Well, I use the same tone for both Messier Object and Double Helix so there you go (guitar rig 4 remember!).

I actually used no parallel compression at all, just all full on. I think I got the cymbals kinda wrong because the overheads pump too much but it was a bit late to fix it by the time I noticed it. I also mixed SD2.0 completely within its own mixer so I'm yet to really experiment with going multi out. Hope that helps, and feel free to ask any more questions!

More feedback would be super awesome guys, and please share the album with all your friends on facebook/twitter/myspace (lol, myspace )/etc. 

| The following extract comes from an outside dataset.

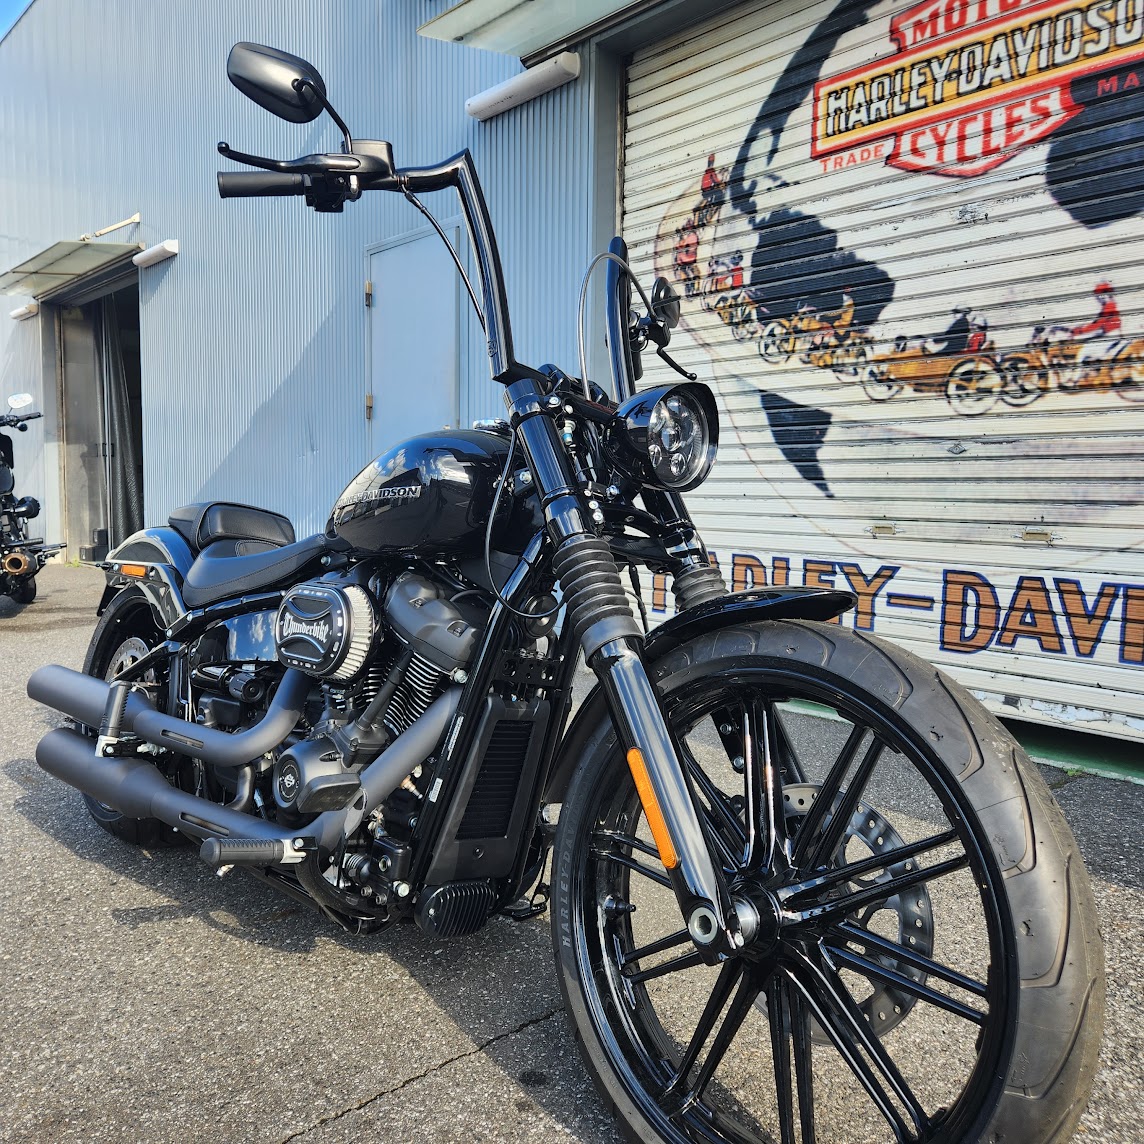 FXBRブレイクアウト オールブラックアウト - Harley-Davidson® 幕張

Edit: Tab for Messier Object if you want it! http://dl.dropbox.com/u/39302626/Messier Object.rar


----------



## musikizlife (Oct 18, 2011)

Bravo mate!

Been listening for about a week now, and I really can't get enough!
Makes me really wanna put my own album out, but you and Halycon put me to shame lol

Keep up the great work, I'll be passing this on to others to hear


----------



## Winspear (Oct 18, 2011)

Thank you for the tabs!! It's great to see what's going on behind this masterpiece


----------



## C2Aye (Oct 18, 2011)

musikizlife said:


> Bravo mate!
> 
> Been listening for about a week now, and I really can't get enough!
> Makes me really wanna put my own album out, but you and Halycon put me to shame lol
> ...



Cheers man, I'm glad that you keep going back to listen to it!  And by all means, put out an album. Everyone here at ss.org will be really supportive and I hope my album will encourage people to do so, rather than put them off! 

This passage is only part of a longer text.